Press Release - Friday, December 09, 2016

CHICAGO—The Illinois Criminal Justice Information Authority (ICJIA) and the Illinois Health & Hospital Association will host a conference today on innovations that local governments and states are using to address the costly and harmful over-reliance on incarceration for people who suffer from mental illness and substance abuse disorders.

The event will be held from 9:30 to 4:30 at the Carle Foundation Hospital Pollard Auditorium, The Forum at Carle, 611 West Park Street, in Urbana.
Data-Driven Health & Justice is a nationwide effort to reduce the financial and human costs associated with incarcerating people in local jails who have complex needs but do not pose a risk to public safety.
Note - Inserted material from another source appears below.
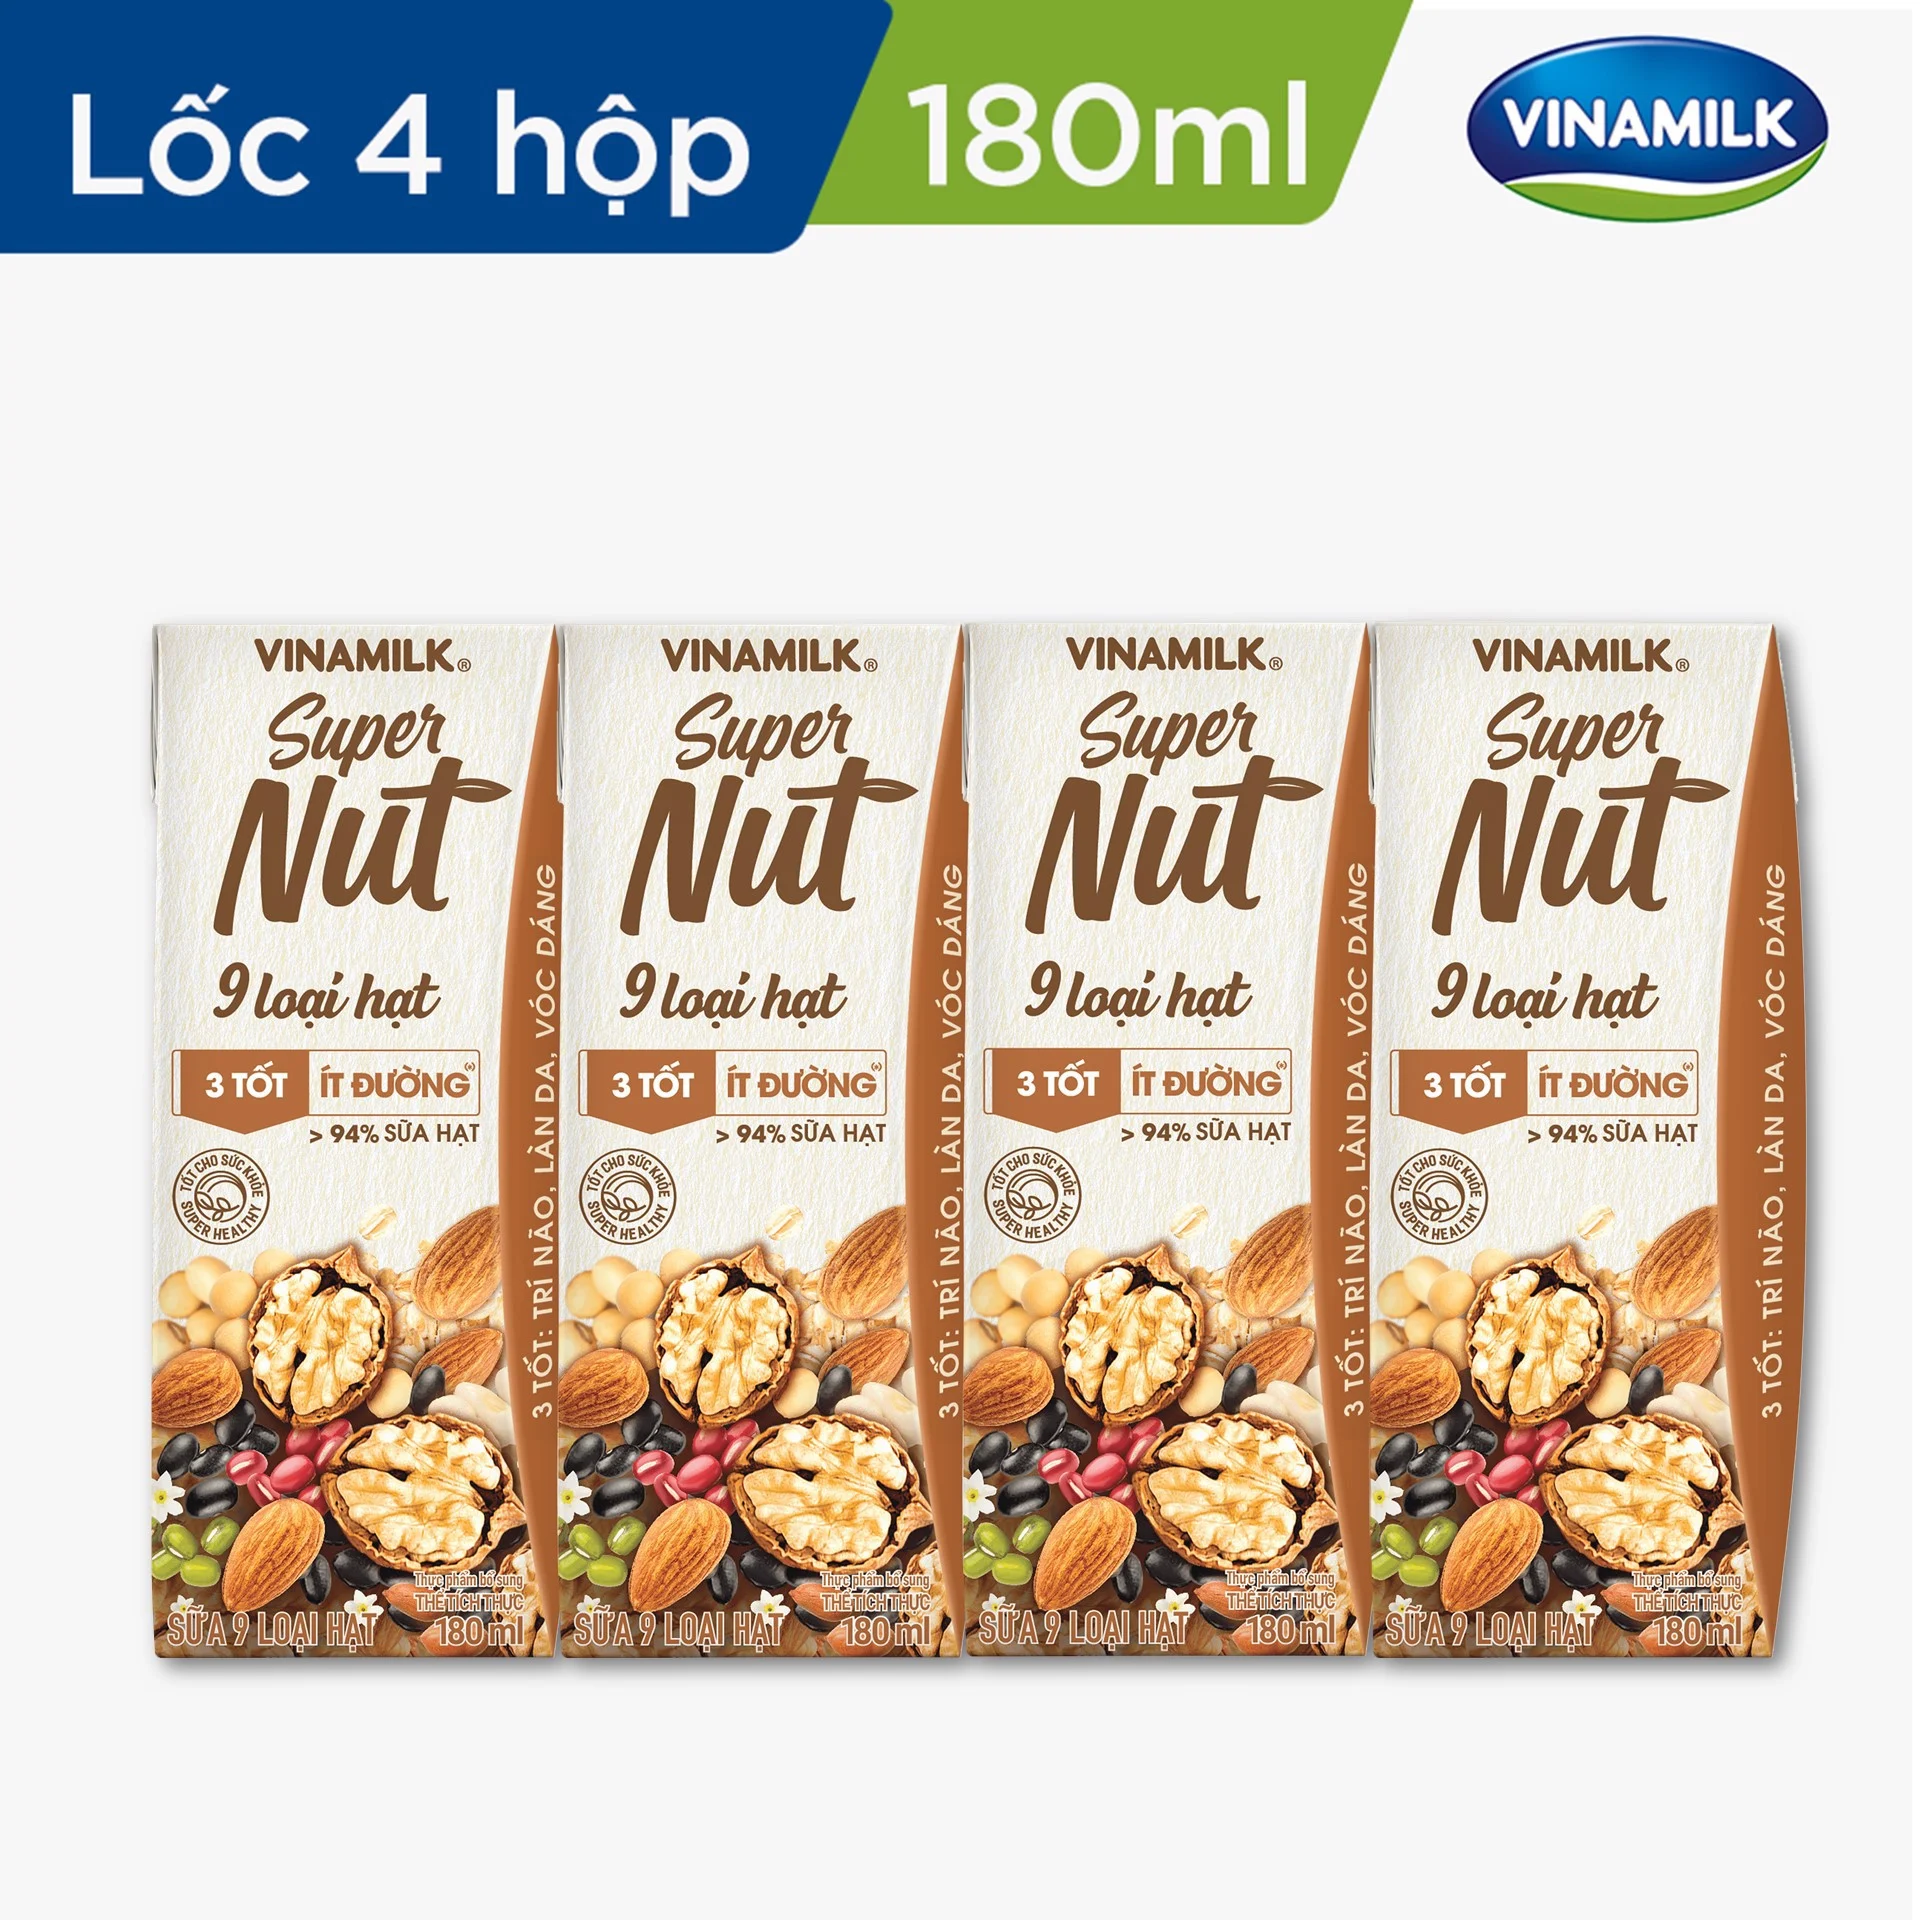 Sữa 9 loại hạt Vinamilk Super Nut - Thùng 24 hộp 180ml

Using cross-system data, improved technology, and collaborative strategies, state and local decision makers can achieve better outcomes and save taxpayer dollars, particularly by focusing on a special population of “superutilizers” of emergency departments and jails. Superutilizers typically cycle in and out of health and criminal justice systems without a long-term coordinated care plan.
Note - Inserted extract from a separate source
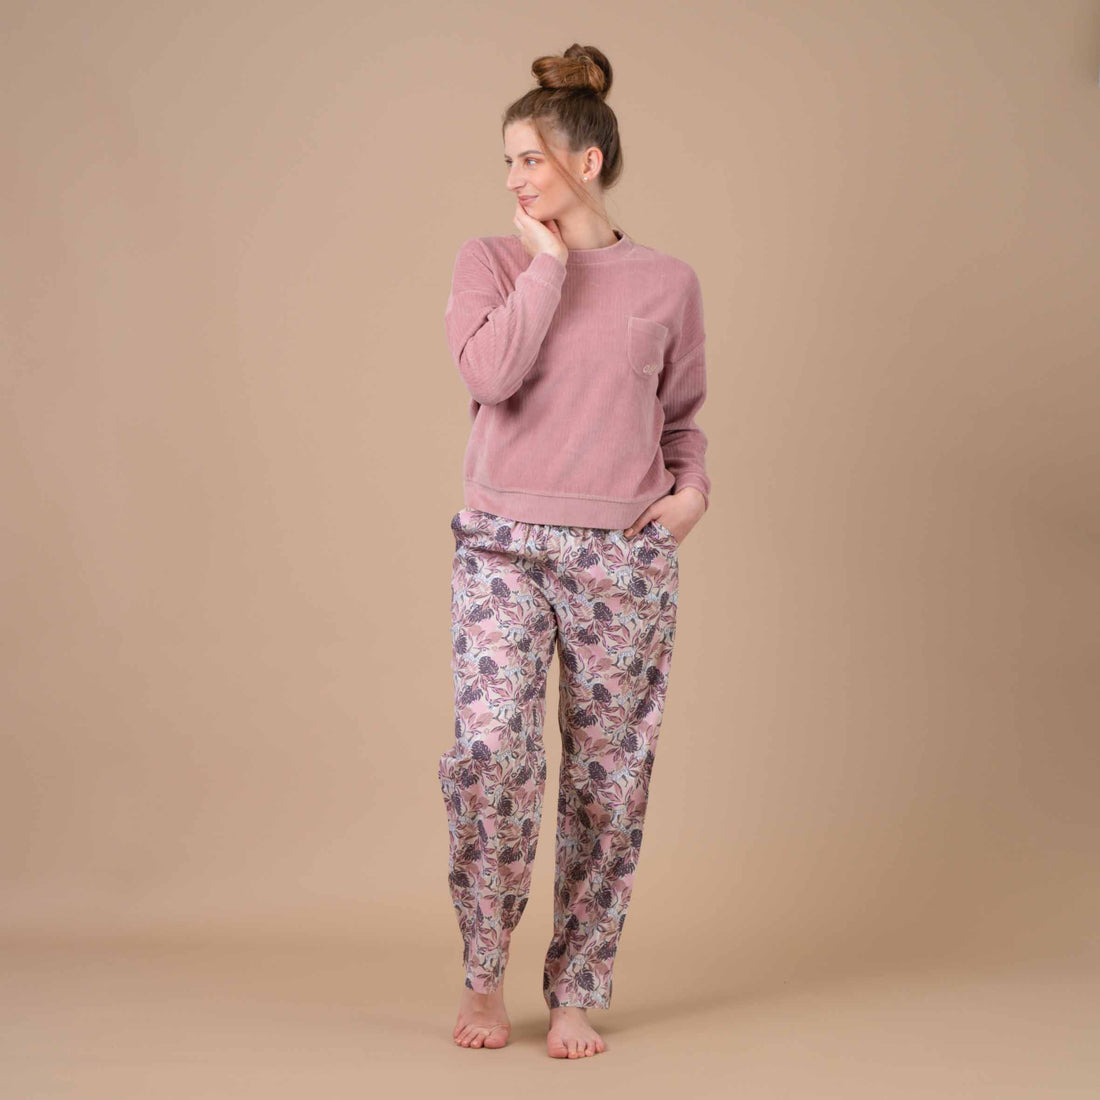 Le Pyjama Femme – Mariner underwear

The initiative is designed to help counties identify and predict these superutilizers before they are caught in the revolving door of the justice system.

“Jailing those with serious mental illness and other chronic medical problems is costly and ineffective, “said ICJIA Executive Director John Maki. “By identifying these individuals when or even before they enter the criminal justice system, we can treat them rather than letting them sink deeper into the system.”

Champaign, Cook, Lake, and McLean counties also have partnered in the initiative. The event is open to participating local sites and other stakeholders, including sheriffs, local hospital administrators and staff, police chiefs, community-based organizations, and county administrators.

States, counties, and cities across the country have begun implementing protocols and programs to divert people away from the justice system and into more appropriate care, such as crisis stabilization and outpatient treatment for mental illness.

Participation in the Data-Driven Health & Justice Initiative is consistent with bold efforts under way in Illinois to reform its health and justice systems. In 2015, Governor Bruce Rauner began a Health and Human Services Transformation process that includes applying for an 1115 Medicaid waiver, a contract between federal and state governments that “waives” federal Medicaid requirements and gives the federal government authority to approve experimental, pilot, or demonstration projects. The waiver allows state governments to use federal dollars differently to increase the efficiency and quality of care for Medicaid populations.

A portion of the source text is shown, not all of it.